In the argument of the Government it is stated: "The Statesman's Year-book for 1917 cites the following governments as enforcing military service: Argentine Republic, p. 656; Austria-Hungary, p. 667; Belgium, p. 712; Brazil, p. 738; Bulgaria, p. 747; Bolivia, p. 728; Colombia, p. 790; Chile, p. 754; China, p. 770; Denmark, p. 811; Ecuador, p. 820; France, p. 841; Greece, p. 1001; Germany, p. 914; Guatemala, p. 1009; Honduras, p. 1018; Italy, p. 1036; Japan, p. 1064; Mexico, p. 1090; Montenegro, p. 1098; Netherlands, p. 1119; Nicaragua, p. 1142; Norway, p. 1152; Peru, p. 1191; Portugal, p. 1201; Roumania, p. 1220; Russia, p. 1240; Serbia, p. 1281; Siam, p. 1288; Spain, p. 1300; Switzerland, p. 1337; Salvador, p. 1270; Turkey, p. 1353." See also Page 379 the recent Canadian conscription act, entitled, "Military Service Act" of August 27, 1917, expressly providing for service abroad (printed in the Congressional Record of September 20, 1917, 55th Cong. Rec., p. 7959); the Conscription Law of the Orange Free State, Law No. 10, 1899, Military Service and Commando Law, sections 10 and 28, Laws of Orange River Colony, 1901, p. 855; of the South African Republic, "De Locale Wetten en Volksraadsbesluiten der Zuid-Afr. Republiek," 1898, Law No. 20, pp. 230, 233, article 6, 28; Constitution, German Empire, April 16, 1871, Art. 57, 59, Dodd, 1 Modern Constitutions, p. 344; Gesetz, betreffend Aenderungen der Wehrpflicht, vom 11 Feb. 1888, No. 1767, Reichs-Gesetzblatt, p. 11, amended by law of July 22, 1913, No. 4264, RGBI., p. 593; Loi sur le recrutement de l'armee of 15 July, 1889 (Duvergier, vol. 89, p. 440), modified by act of 21 March, 1905 (Duvergier, vol. 105, p. 133).
Military Service Act, January 27, 1916, 5 and 6 George V, c. 104, p. 367, amended by the Military Service Act of May 25, 1916, 2nd session, 6 and 7, George V, c. 15, p. 33.
In the Colonies before the separation from England there cannot be the slightest doubt that the right to enforce military service was unquestioned and that practical effect was given to the power in many cases. Indeed the brief of the Government contains a list of Colonial acts manifesting the power and its enforcement in more than two hundred cases. And this exact situation existed also after the separation. Under the Articles of Confederation it is true Congress had no such power, as its authority was absolutely limited to making calls upon the States for the military forces needed to create and maintain the army, each State being bound for its quota as called.
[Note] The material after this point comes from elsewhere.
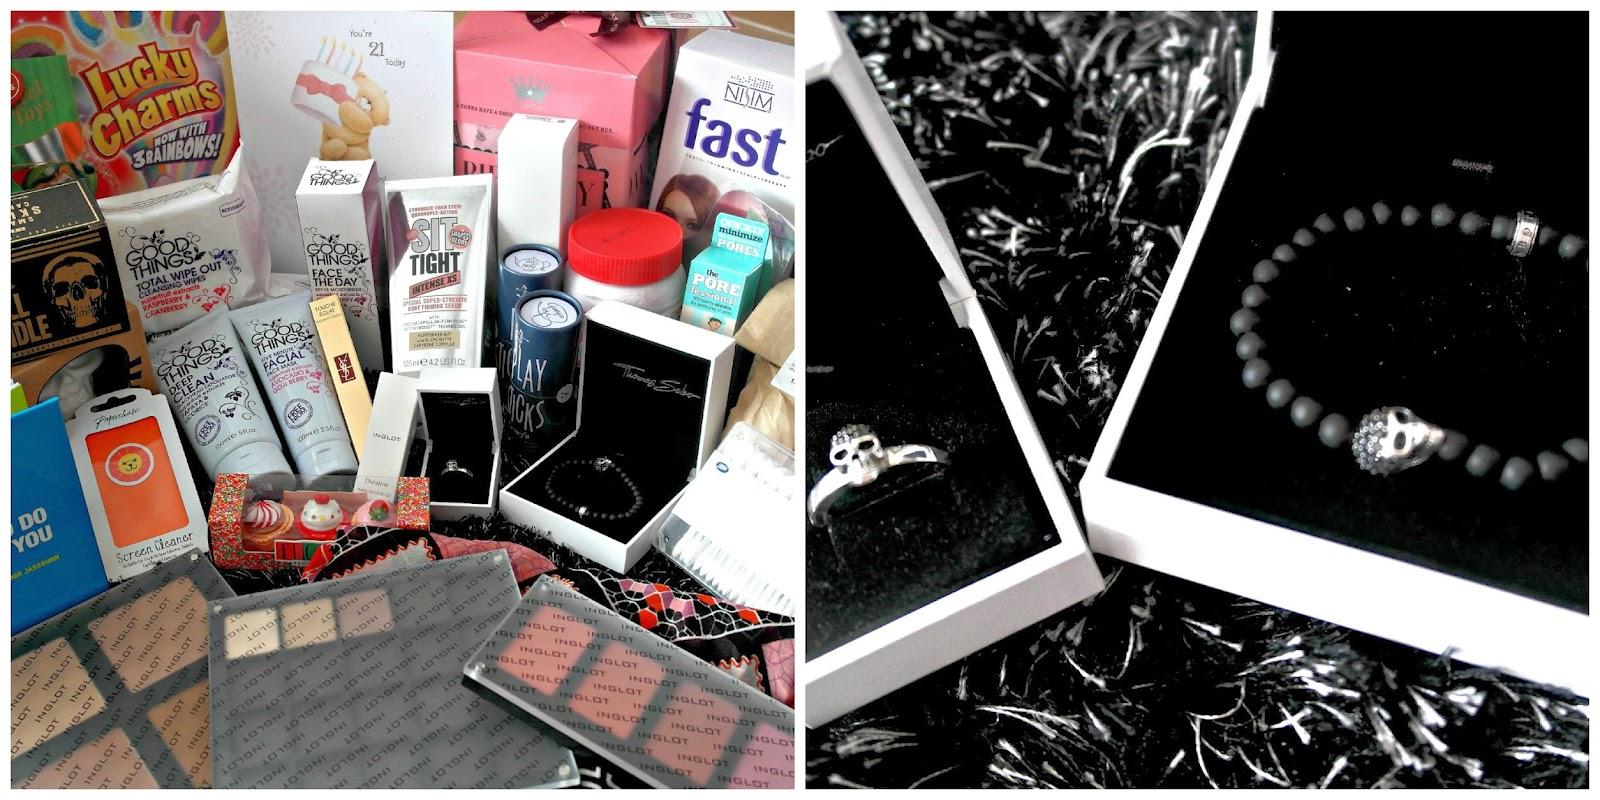 Spoiled boyfriend gifts

But it is indisputable that the States in response to the calls made upon them met the situation when they deemed it necessary by directing enforced military service on the part of the citizens. In fact the duty of the citizen to render military service and the power to compel him against his consent to do so was expressly sanctioned by the constitutions of at least nine of the States, an illustration being afforded by the following provision of the Pennsylvania constitution of 1776. "That every member of society hath a right to be protected in the enjoyment of life, liberty and property, and therefore is bound to contribute his proportion towards the expense of that protection, and yield his personal service when necessary, or an equivalent thereto." Art. 8, (Thorpe, American Charters, Constitutions and Organic Laws, vol. 5, pp. 3081, 3083.) While it is true that the States were sometimes slow in exerting the power in order to fill their quotas — a condition shown by resolutions of Congress calling upon them to comply by exerting their compulsory power to draft and by earnest requests by Washington to Congress that a demand be made upon the States to resort to drafts to fill their quotas — that fact serves to demonstrate instead of to challenge the existence of the authority. A default in exercising a duty may not be resorted to as a reason for denying its existence.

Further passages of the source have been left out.